L'Enquête nationale sur les femmes et les filles autochtones disparues et assassinées a commencé ce matin une semaine d'audiences à Montréal.

Il s'agit du deuxième passage de la commission d'enquête itinérante au Québec après Uashat-Maliotenam, près de Sept-Îles, cet été.

En lever de rideau, la commissaire Michele Audet a souligné que 740 familles ont raconté leur histoire au cours des neuf derniers mois. Quelque 600 autres familles ont manifesté leur désir de s'exprimer, d'où la demande de prolongation du mandat de deux ans faite la semaine dernière au gouvernement.

C'est une femme mohawk, Cheryl McDonald, qui a été la première à témoigner aujourd'hui.

Elle a raconté la disparition de sa soeur Carleen en septembre 1988. Le corps de la jeune mère de trois enfants a été découvert dans la forêt par hasard par un chasseur sept semaines plus tard. Elle s'était suicidée. 

« Elle est partie au milieu de la nuit. Je me demande encore pourquoi elle nous a quittés. Pourquoi elle a quitté ses enfants ? Pourquoi elle a quitté nos parents? »

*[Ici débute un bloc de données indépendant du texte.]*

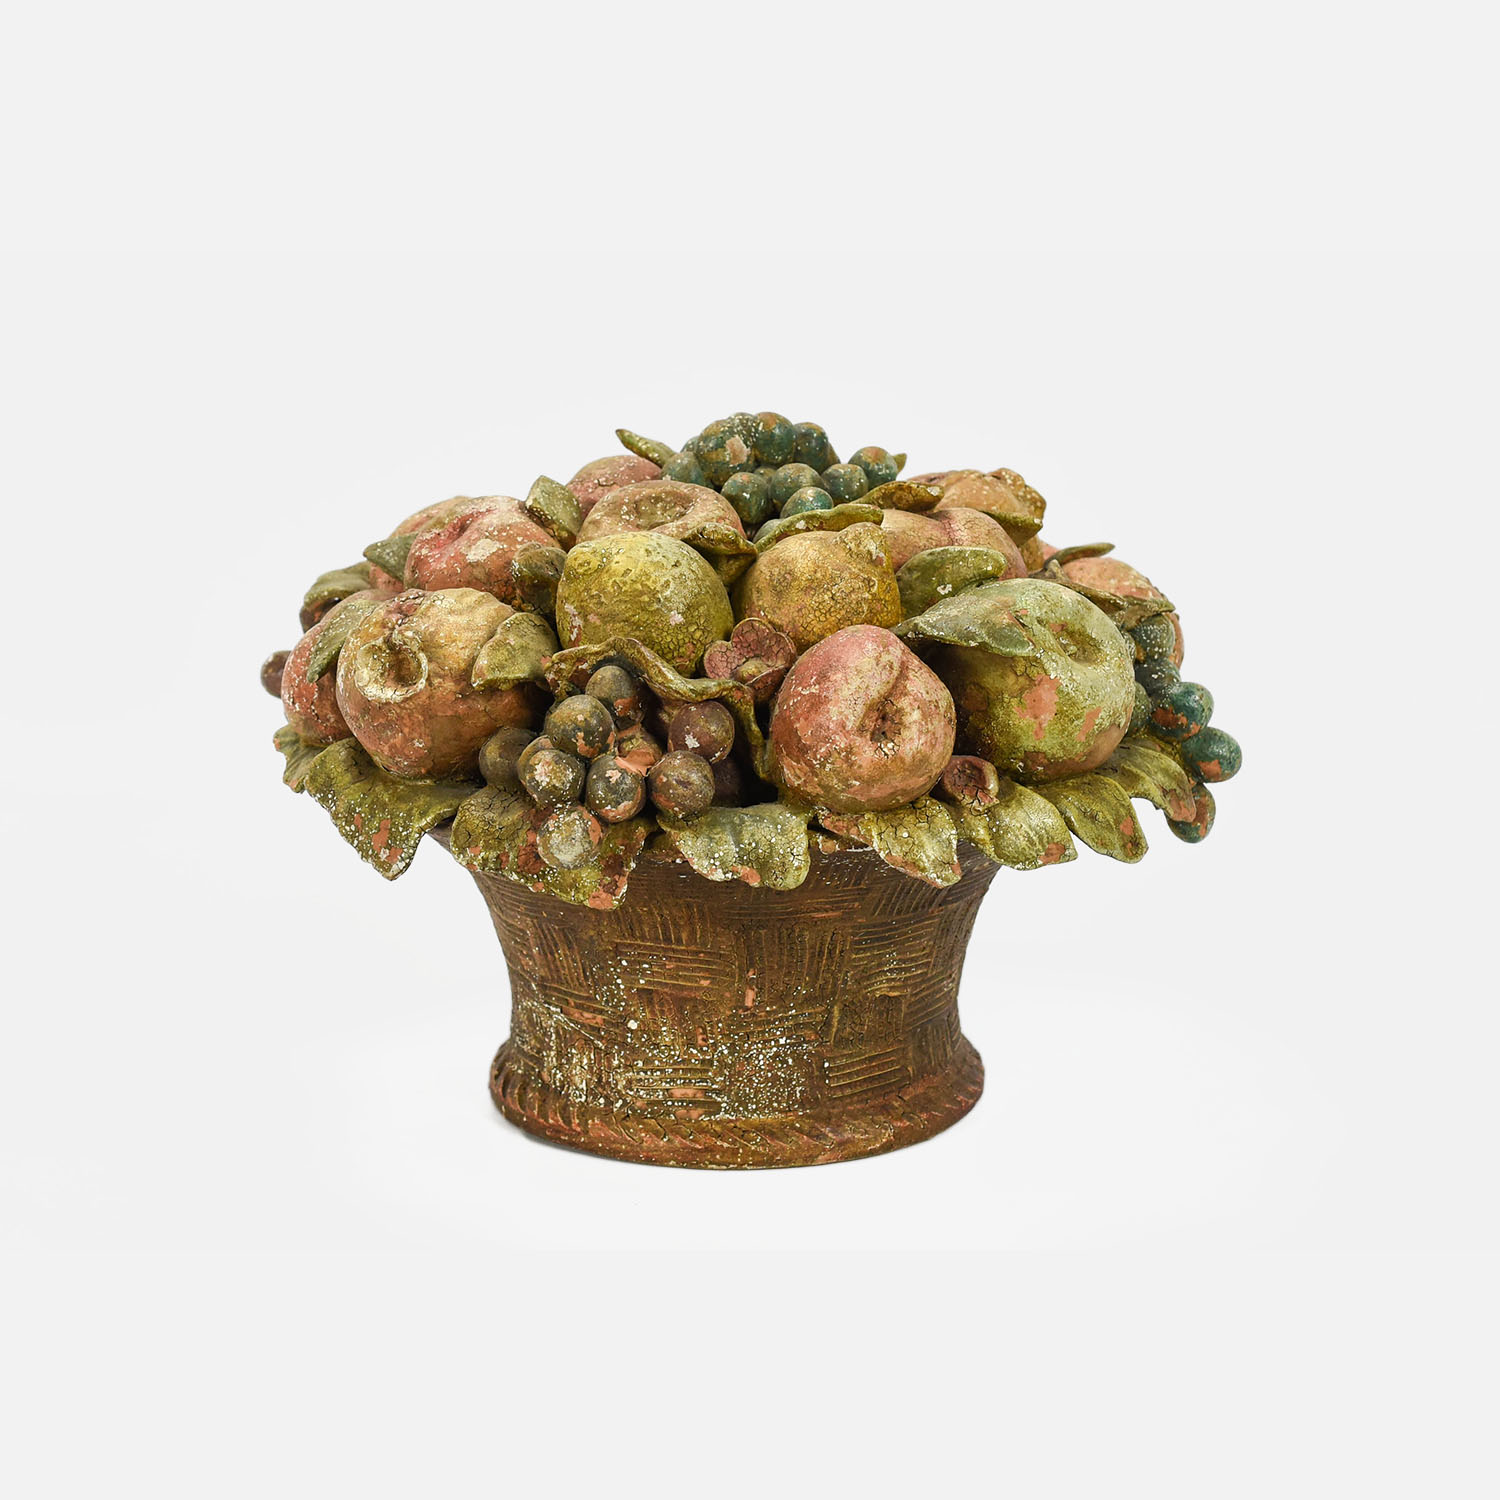 Antique Painted Terra Cotta Fruit Basket Centerpiece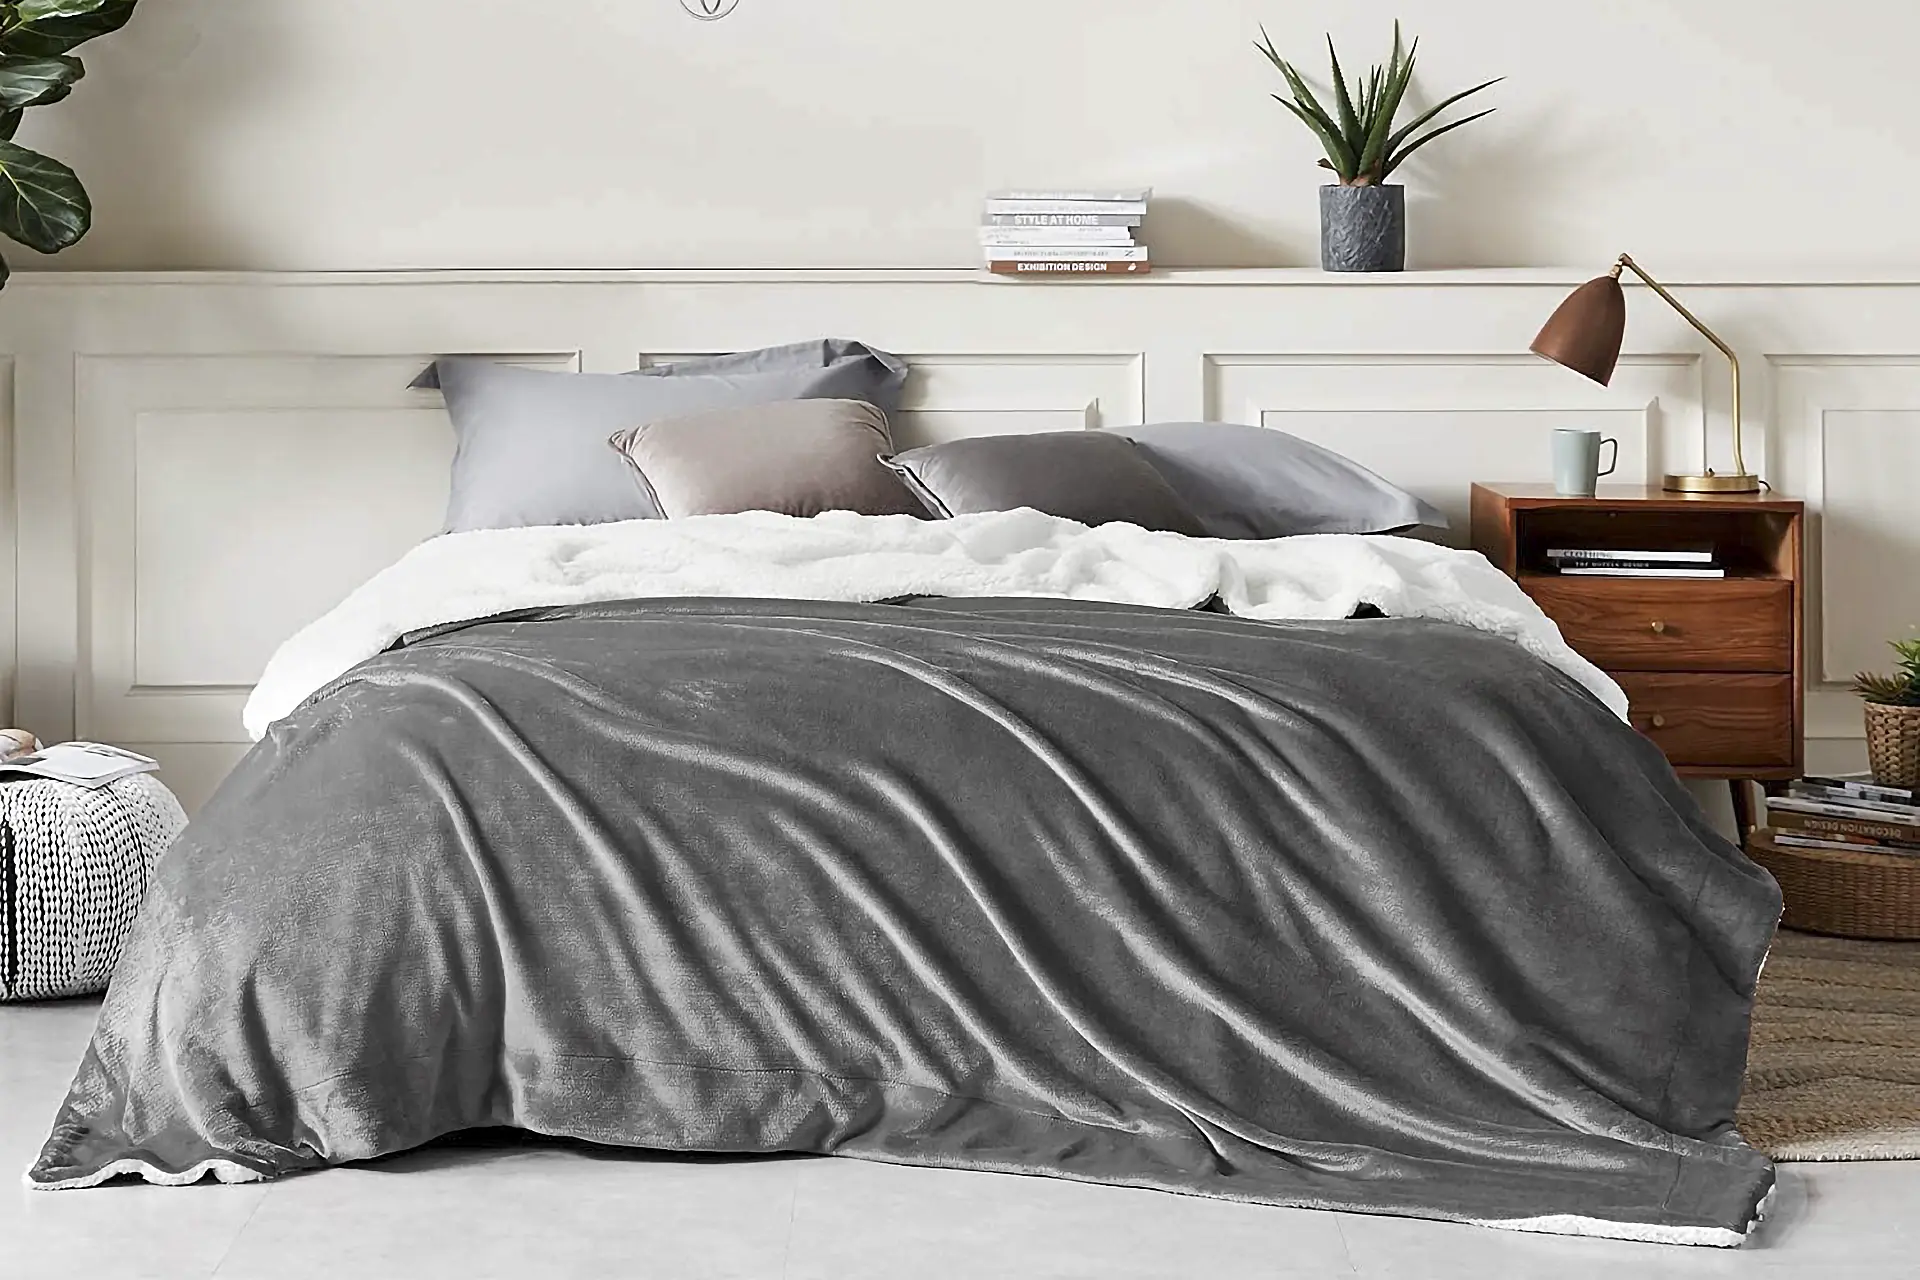 En este momento estás viendo Mantas y cobertores: Encuentra las mejores opciones para abrigarte y decorar tu hogar

La jeune maman venait de rompre avec le père de ses enfants. Elle vivait une peine d'amour.

Dans un témoignage empreint d'émotion, Cheryl McDonald a parlé du milieu entaché de violence dans lequel elle a grandi. Elle a parlé des abus que sa soeur a vécus aux mains de son conjoint.

« Ce n'est que dans les semaines avant sa mort qu'elle a vraiment commencé à en parler, a confié sa soeur. Elle a même avoué qu'elle avait été hospitalisée parce qu'il l'avait battue. (...) Il la contrôlait physiquement et émotionnellement. »

À un moment, la situation était devenue assez grave pour que les grands-parents prennent les enfants chez eux.

Mme McDonald a aussi raconté les pénibles semaines de la disparition de Carleen.

« Je sais que des familles attendent de retrouver leur proche depuis des dizaines d'années. Mais durant ces sept semaines, nous ne pouvions plus fonctionner. Mes soeurs perdaient leur emploi parce qu'elles manquaient trop. »

« Ma soeur s'est suicidée. Je suis la seule qui le dit comme ça. Au début, je passais dans ma tête de meurtre à suicide et encore à meurtre. »

Cheryl a admis avoir toujours soupçonné que son beau-frère savait que sa soeur allait s'enlever la vie et où elle se trouvait et qu'il n'a rien dit. Il est le dernier à qui Carleen aurait parlé le soir de sa mort.

Plusieurs jours après la découverte du corps, la famille s'est rendue sur les lieux du drame pour découvrir avec effroi que la police de la communauté d'Akwasasne, en charge de l'enquête, avait abandonné sur place la couverture sur laquelle avait été couchée la victime ainsi que sa chevelure entière, qui s'était détachée du squelette.

« Je sais que la police ne reçoit pas beaucoup de financement, mais ils auraient pu demander de l'aide à un autre corps de police ! »

Mme McDonald a raconté comment sa famille a passé des années à ne pas visiter la tombe de la défunte tellement cela faisait mal.

Les audiences publiques se poursuivent jusqu'à vendredi à l'hôtel Bonaventure.